Influential members of the Saudi Arabian government believe that the United States—the kingdom’s most valuable strategic ally since 1945—has abandoned Riyadh on a host of regional issues, most notably Iran’s nuclear program. As the Saudis respond by seeking to enhance their political and economic relations with powers other than the United States, France sees an opportunity to supplant Washington as Riyadh’s closest ally. While it remains unlikely that Paris will entirely replace Washington as Saudi Arabia’s most important ally, France can compete with the United States to become the kingdom’s top supplier of advanced military technology in the future.
Following the interim nuclear agreement of November 2013, French officials joined their Saudi counterparts in questioning whether Tehran could be trusted, and Iran’s commitment to ending its ability to build a nuclear bomb. While it remains to be seen how the recently signed Iranian nuclear agreement will impact Paris and Tehran’s relationship, of all parties in the P5+1 talks, France is said to have taken the toughest stance against the Iranian nuclear program, which has not gone unnoticed in Riyadh.
French Arms Deals in the Gulf
Although France’s economy barely maintains positive GDP growth rates, its arms industry is booming. As the world’s fourth largest arms exporter (behind the United States, Russia, and China), France sold nearly double the amount of arms in the first five months of 2015 (more than $16 billion) than in all of 2014. From 2010 to 2014, 38 percent of French arms exports went to the Middle East, making it the most important region for the country’s arms industry ( 30 percent went to Asia; 13 percent to Europe; 11 percent to North and South America; and four percent to Africa). France’s arms sales for the first half of 2015 created more than 30,000 jobs— significant for a country grappling with record high unemployment.
France has waged a robust diplomatic engagement with Saudi Arabia for years. In June, Saudi Deputy Crown Prince Mohammed bin Salman visited France to sign deals worth $12 billion, which included $500 million for 23 Airbus H145 helicopters. Saudi and French officials also agreed to pursue feasibility studies to build two nuclear reactors in the kingdom. The remaining money will involve direct investment negotiated between Saudi and French officials.
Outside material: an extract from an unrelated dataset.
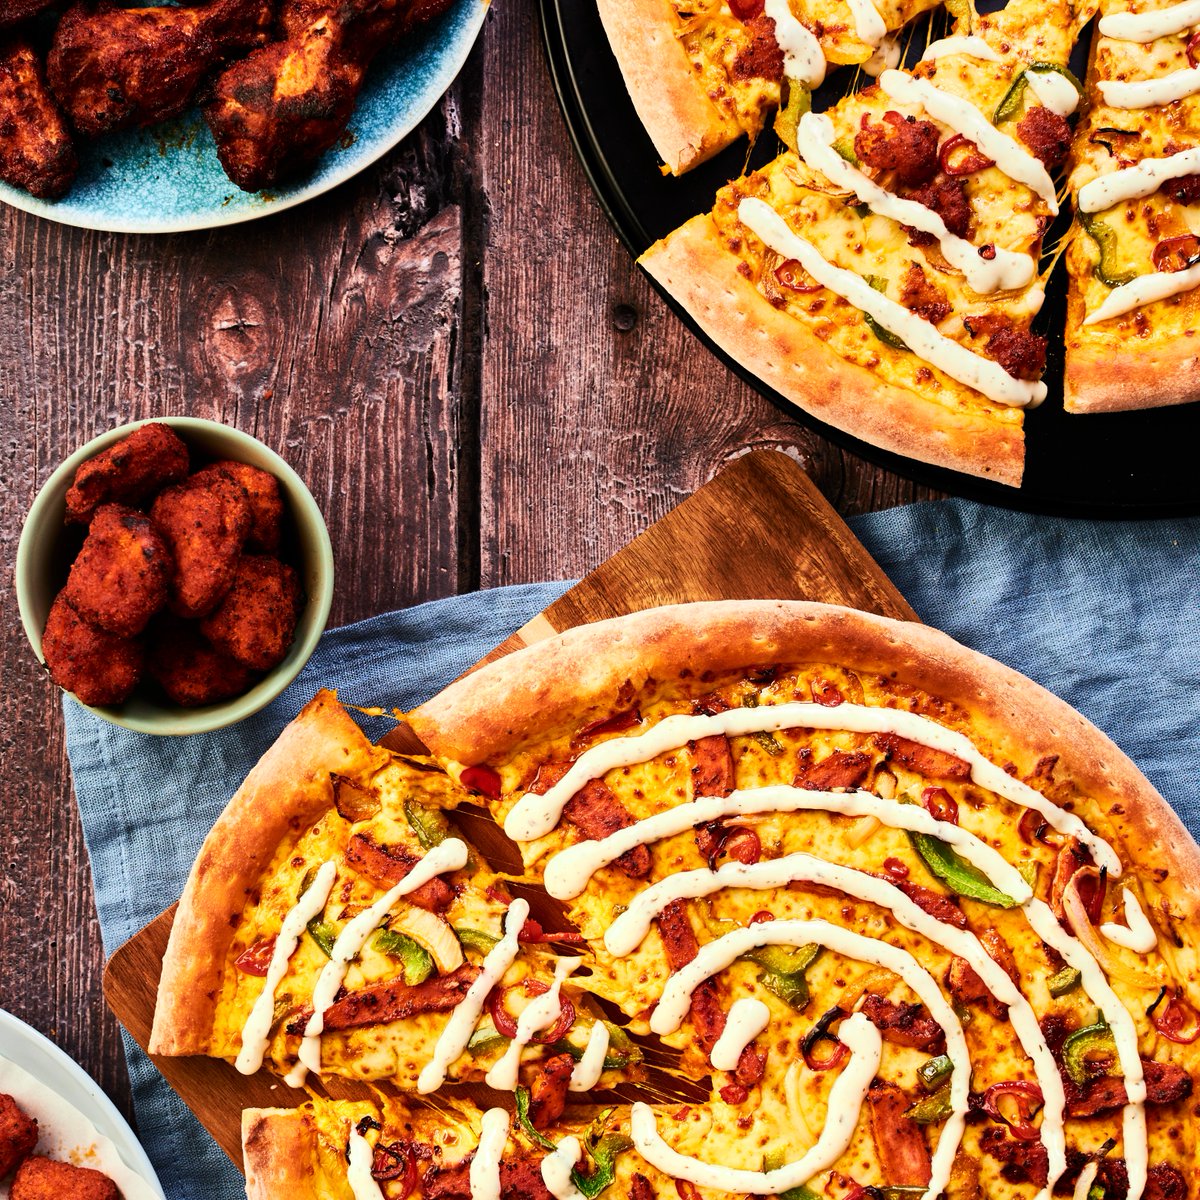 When pizza meets Indian takeaway 🤝 our Tandoori range does just that! Who's turning up the heat tonight? 🔥 #tandoorirange #newness #papajohnsuk

In May, French President François Hollande visited Riyadh to address a Gulf Cooperation Council (GCC) summit (the first time a non-GCC head of state has done so) and to launch a strategic initiative between France and the Council. Hollande spoke of the GCC facing “dangers emanating from countries’ designs and interference in (GCC) internal affairs,” a clear reference to Iran. Hollande’s address was delivered one day after he was in Doha, where he signed a $7 billion deal that included the sale of 24 French Rafale fighter jets to Qatar, along with the training of Qatari intelligence officers.
In 2013, President Hollande, Foreign Minister Laurent Fabius and Defense Minister Jean-Yves Le Drian traveled to the kingdom to meet with the late King Abdullah, other Saudi officials, former Lebanese Prime Minister Saad Hariri and Ahmed Jarba of the Syrian opposition. A delegation of 30 businesses accompanied Hollande on his visit, which ended with the signing of a deal in which France pledged $3 billion of French weapons for the Lebanese Army (a grant worth twice as much as Lebanon’s entire military budget).
The meeting underscored Paris and Riyadh’s growing alignment. Just three months earlier, France was the EU military power most in favor of direct military engagement against Bashar al-Assad’s regime, following the Ghouta chemical attack of August 2013. In April, Foreign Minister Fabius also visited Saudi Arabia to emphasize French support for the kingdom’s campaign in Yemen, an additional sign of Paris and Riyadh’s alignment on regional matters.
The Broader Geostrategic Context
Saudi Arabia’s growing interest in fostering a stronger alliance with France should also be understood within a grander geostrategic context, in which Washington’s traditional Sunni Arab allies have become frustrated and confused by U.S. foreign policy on a plethora of issues, such as the “Arab Awakening”, human rights and the Iranian nuclear agreement. Officials in Saudi Arabia, as well as Egypt and other GCC states, have sought to explore deeper partnerships with powers beyond the United States.
The United Kingdom’s decision last year to double down on support for Bahrain by opening a naval base in the island kingdom (which marked the British navy’s first permanent return to the Gulf since the British officially departed in 1971) was rich in symbolism. As the Obama administration’s rhetoric condemning Bahrain’s human rights violations has fueled tension in U.S.-Bahrain relations, Manama’s growing military alliance with London factors into the Bahraini leadership’s determination to explore relationships with other powers. Qatar and Kuwait’s recent signing of defense deals (and talks of others) with France, Germany and Italy fits into the same geopolitical context. Apart from the gradual thaw in U.S.-Iran relations, the Obama administration’s declared pivot-to-Asia (a shift away from the Middle East) has prompted reconsideration of basic post-World War II geostrategic and security norms in the oil-rich Persian Gulf.